One: you don’t need to finish books. This is really hard for me. When I start a book, I want to check the box I finished, but I now realize there are so many books, I’ll never be able to read all of them and definitely wouldn’t be able to read all of them in totality.
Two: read multiple books at a time. If I read multiple books at a time, I find my interest gravitating and fluctuating towards what is going in my life. My life and interests go faster than I can read. The insight and optionality of going back to it when I am interested in that topic again takes some of the weird anxiety I get for not finishing a book. Another side note: after doing this for a few months, I’ve oddly enjoyed reading different types of books at different times of the day. For example, a light-hearted biography is different from Faulkner, Beecher-Stowe, Dubois, Hemingway — where I read to absorb how they write.
Reading without order and following what pulls me is way more productive that grinding through a boring part of book I’ll likely shelve.

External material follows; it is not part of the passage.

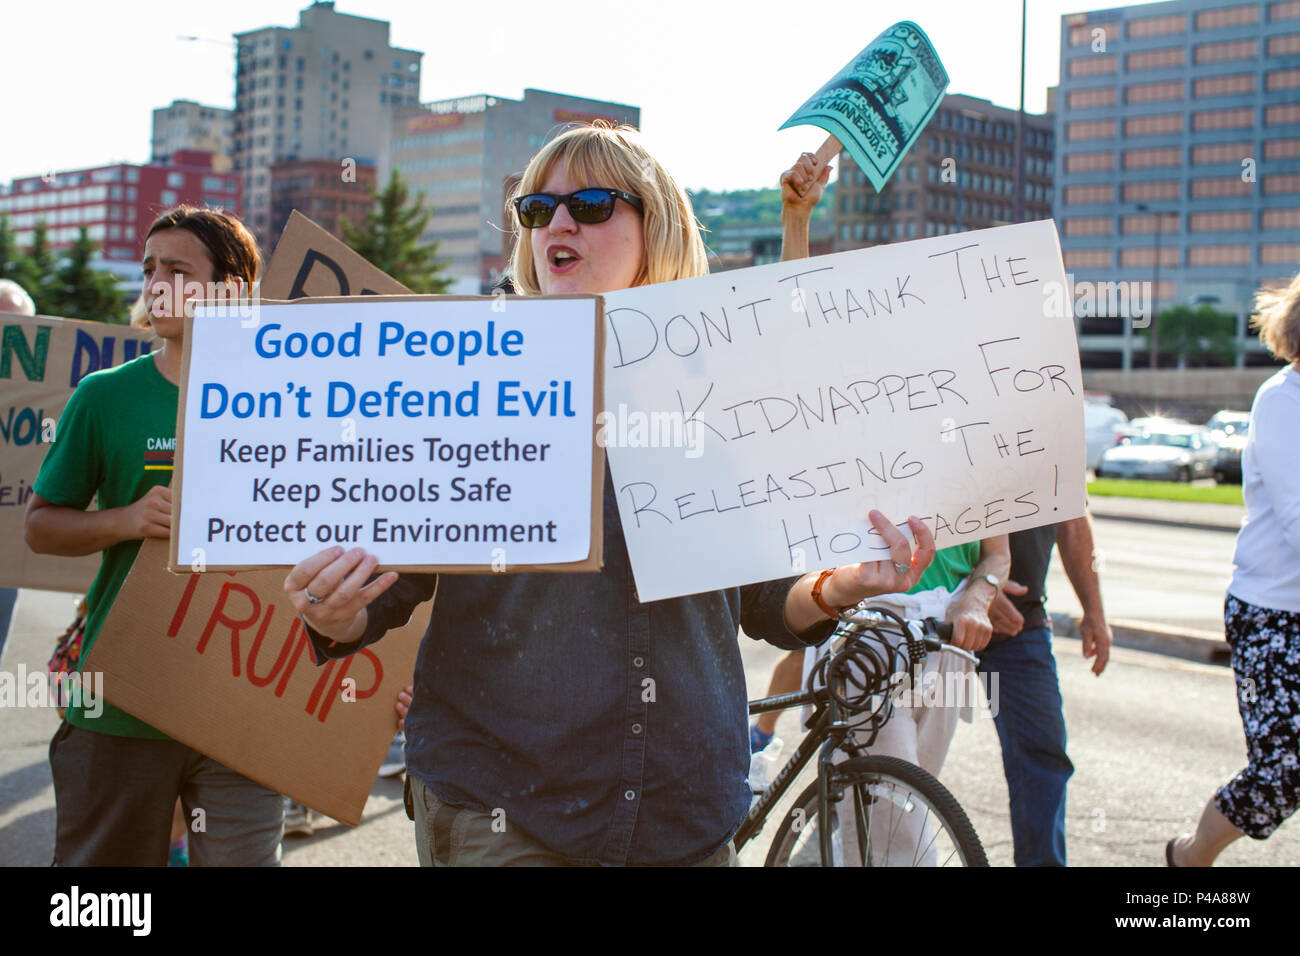 DULUTH, MINNESOTA, USA - June 20, 2018: A woman protester holds signs as a large crowd of protesters march in front of Amsoil arena while President Donald Trump speaks at a rally Wednesday night. Credit: Theresa Scarbrough/Alamy Live News Stock Photo

I feel the addiction to social media Naval talks about however there are some very smart people producing quality content for free. The irony is I found the Almanack on Twitter.
How I’m Reading More:
- I make it very easy to read around the house. This is done in two ways: first, I leave books around places I sit in the house. One is always open on my desk and three others are scattered around the house (wife loves this). Two, I keep my Kindle on me as much as possible. My love for that device grows due to the ease of highlighting passages, as well as the free samples of books. I’ve downloaded more samples of books than full books in the last 30 days.
- When a physical Kindle or book is not available, the Kindle iPhone app was pushed in front of all other apps that take up my time. The “little dopamine snacks” are far and few between if you prioritize your Kindle app on your phone.
- Reading begets reading. Whenever I read, I come across more books to read. Instead of saying “I hope to read that one day,” I just get a sample of the book right then and now it’s on my options of books to read.
Overall, I’ve turned my reading process from nice and tidy to frenzied and scattered, but net I’m reading much more because I am always interested in what I’m reading. Framing them as blog posts made a lot of sense to me.
Here are some examples of what I’m reading now:
39% The Fish that Ate the Whale
46% Uncle Tom’s Cabin
15% Marcus Aurelius’ Meditations
100% The Old Man and the Sea
56% Secrets of Sand Hill Road
4% into The Act of Creation
63% Churchill’s Great Contemporaries
16% Tocqueville’s Democracy in America
100% Th!nk Like a Publisher
41% Faulkner’s Short Stories
27% Aesop Fables
100% Robinson Crusoe
100% Barbarians at the Gate
Samples:
How Innovation Works
The Rational Optimist
Richard Feyman’s Six Easy Pieces on Physics
Oxford University’s A Very Short Introduction to Literary Theory
Oxford University’s A Very Short Introduction to US Constitution
Leaving Atlanta – Tayari Jones
If I can reallocate 30-60 minutes a day to reading books, the compound effects will be worth it.